I could be wrong but the drawings on page 311 and 312 of the 1969 Camaro AIM appear to have been redrawn as they have the different configuration from the 1968 L78.
The A.I.R. pump isn't the subject of those pages - it's just background. All 1968 applications that used the relief valve on the A.I.R. pump (L35, L78, Z28, etc.) show the valve separately as an assembly plant-installed item; in 1969, no relief valve was used, and it's not called out in the 1969 A.I.M. for installation for any application. Those pages were re-drawn (rather than carrying over the illustrations from '68) due to the completely new 1969 accessory drive system which relocated the alternator and A.I.R. pump from their previous 1968 locations.
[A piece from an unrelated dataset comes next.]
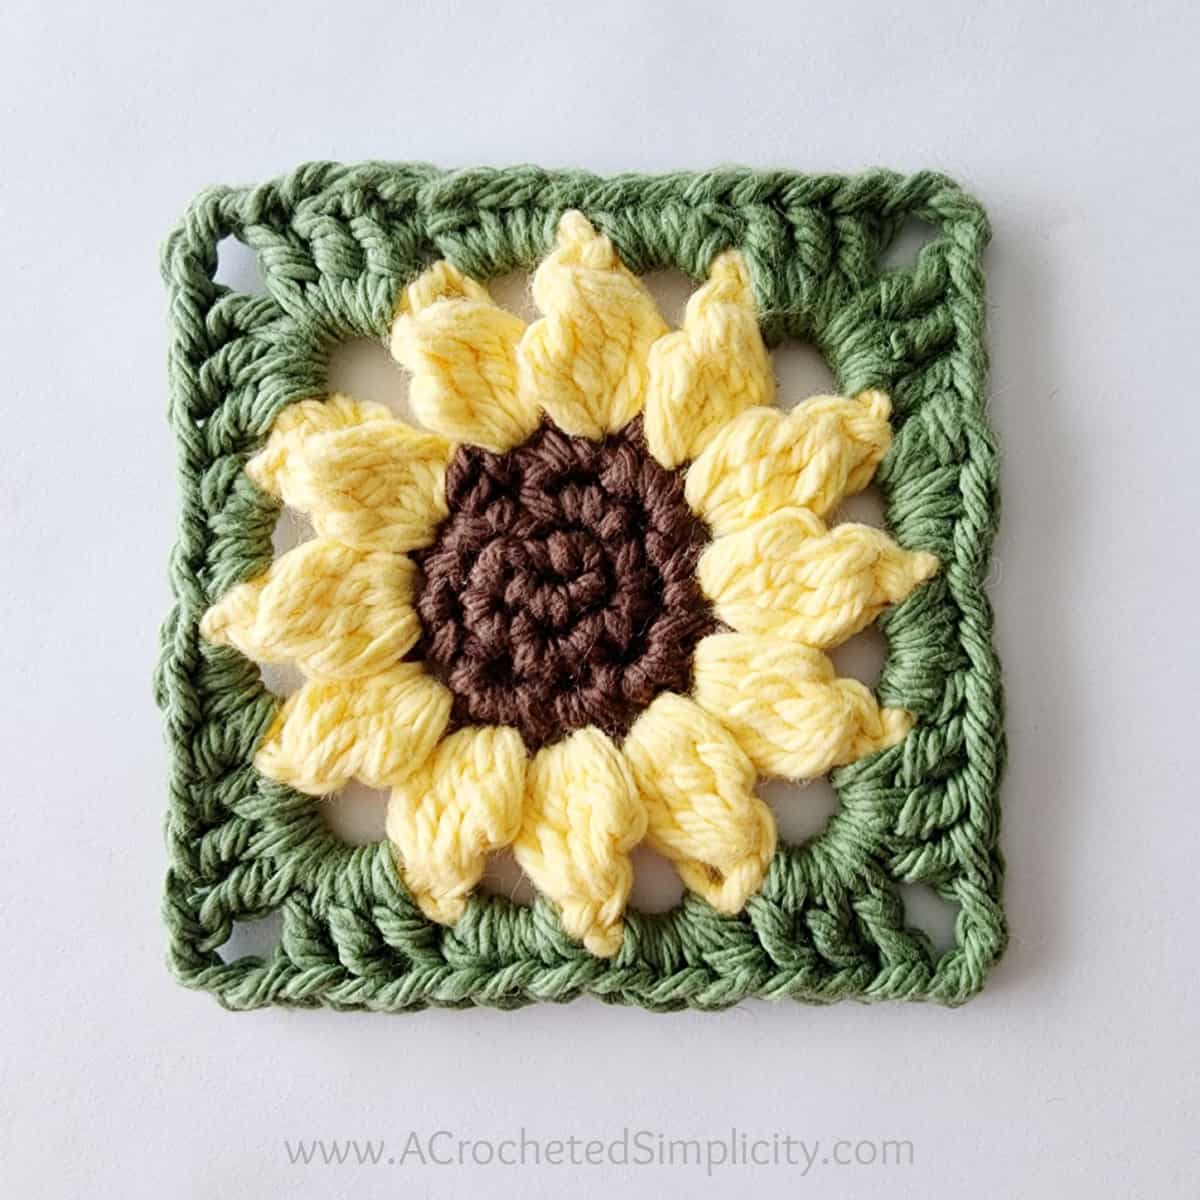 One completed crochet sunflower motif square.

If you look in L78, sheet A2, under 6T (which is the A.I.R. pump), it says "assembles same as RPO L35; if you go to L35, sheet A2, under 6T, it says "assembles same as production". If you go to UPC 6, sheet A6 (the production A.I.R. pump installation), there's no callout for installation of the relief valve, as none was used in '69 (although the background illustration shows it on the pump). Some component illustrations are more accurate than others - depends which illustrator drew it; their focus was installation and fasteners, not detail appearance of the part.
Observation of hundreds of known-original cars has confirmed that the relief valve wasn't used in 1969 (although it's present on some Service replacement pumps, which cover a number of different applications).